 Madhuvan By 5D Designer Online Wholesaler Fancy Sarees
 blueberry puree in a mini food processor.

---

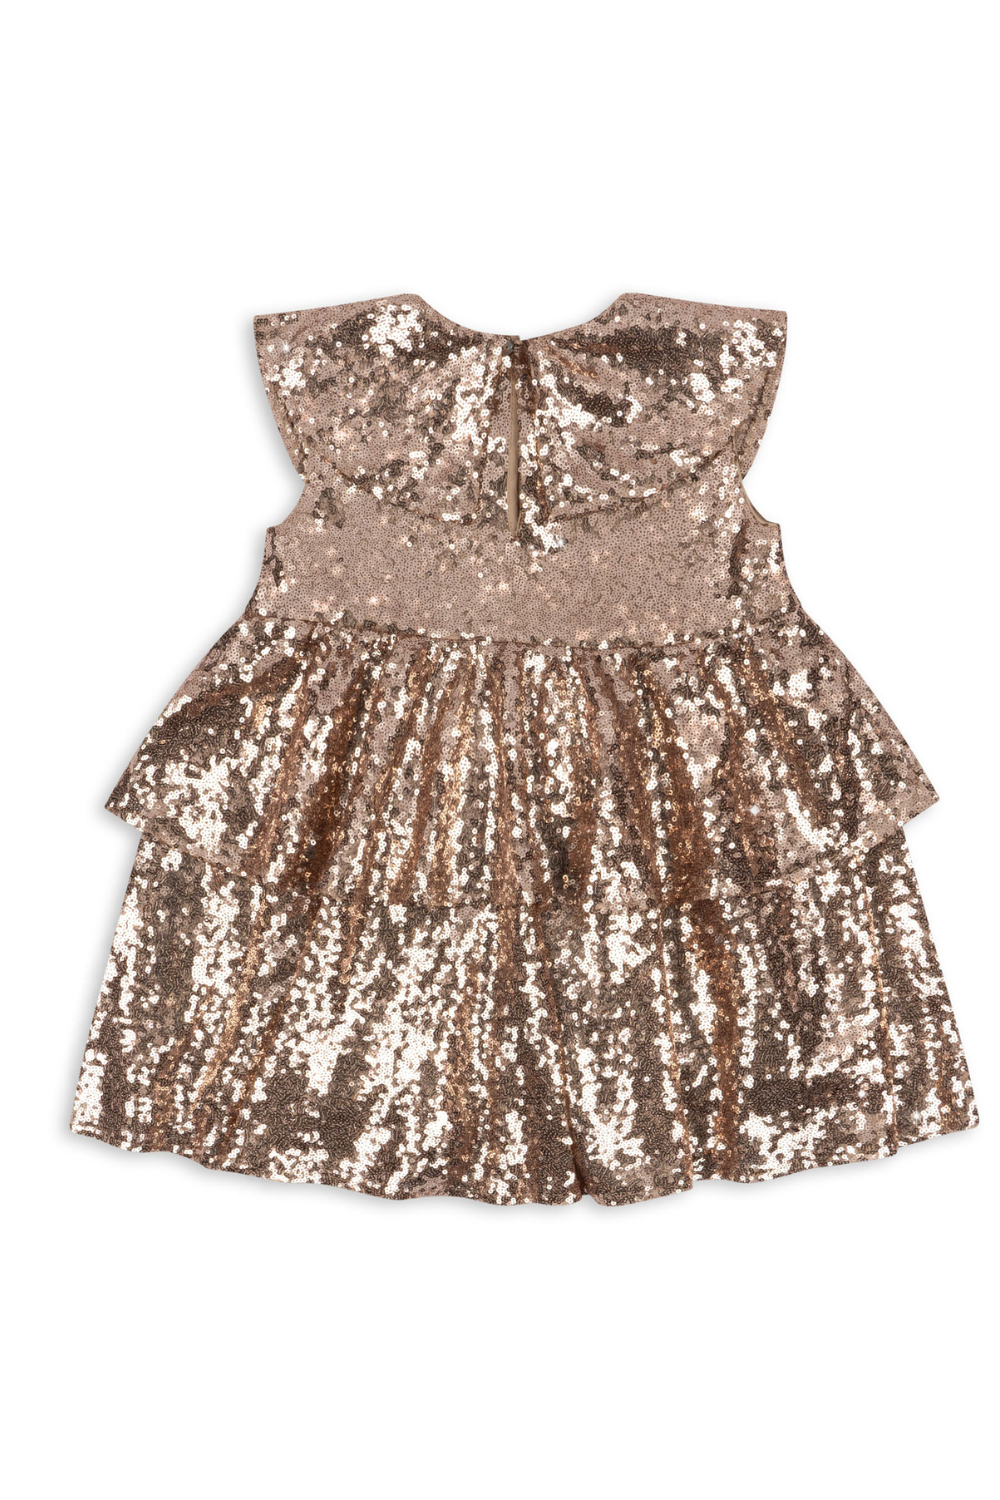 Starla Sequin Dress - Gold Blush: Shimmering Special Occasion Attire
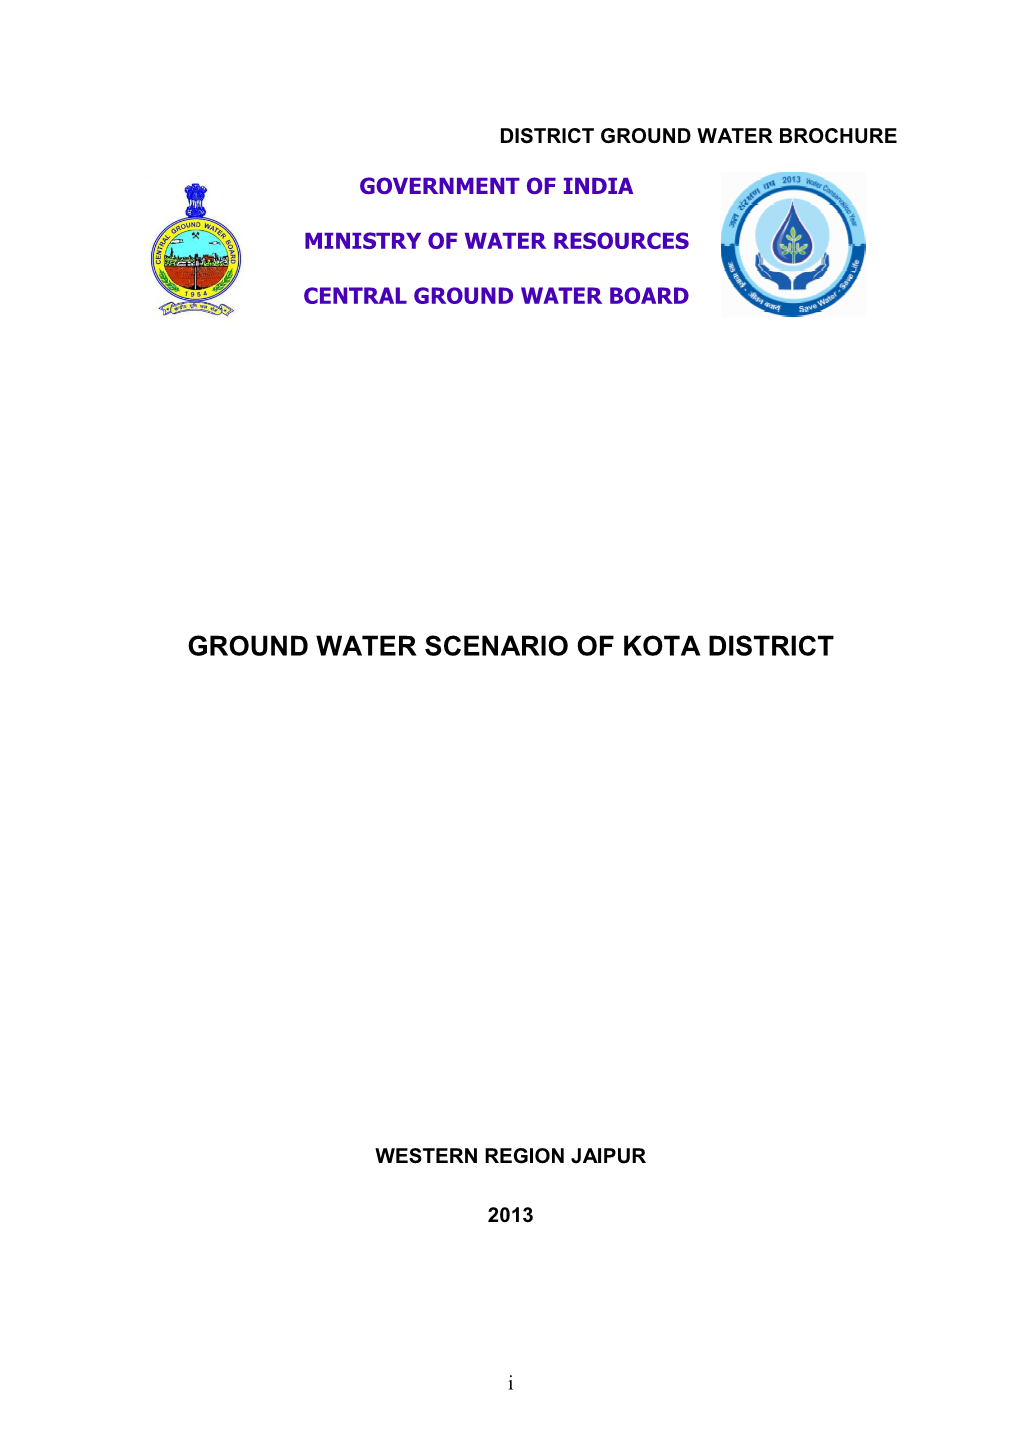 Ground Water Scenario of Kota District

> What is being asked
Starting at the line above that holds "Madhuvan By 5D" and ending at the line that holds "blueberry puree in a mini food processor.", transcribe each line exactly and include no other lines.

> Exercise answer
 Madhuvan By 5D Designer Online Wholesaler Fancy Sarees
 blueberry puree in a mini food processor.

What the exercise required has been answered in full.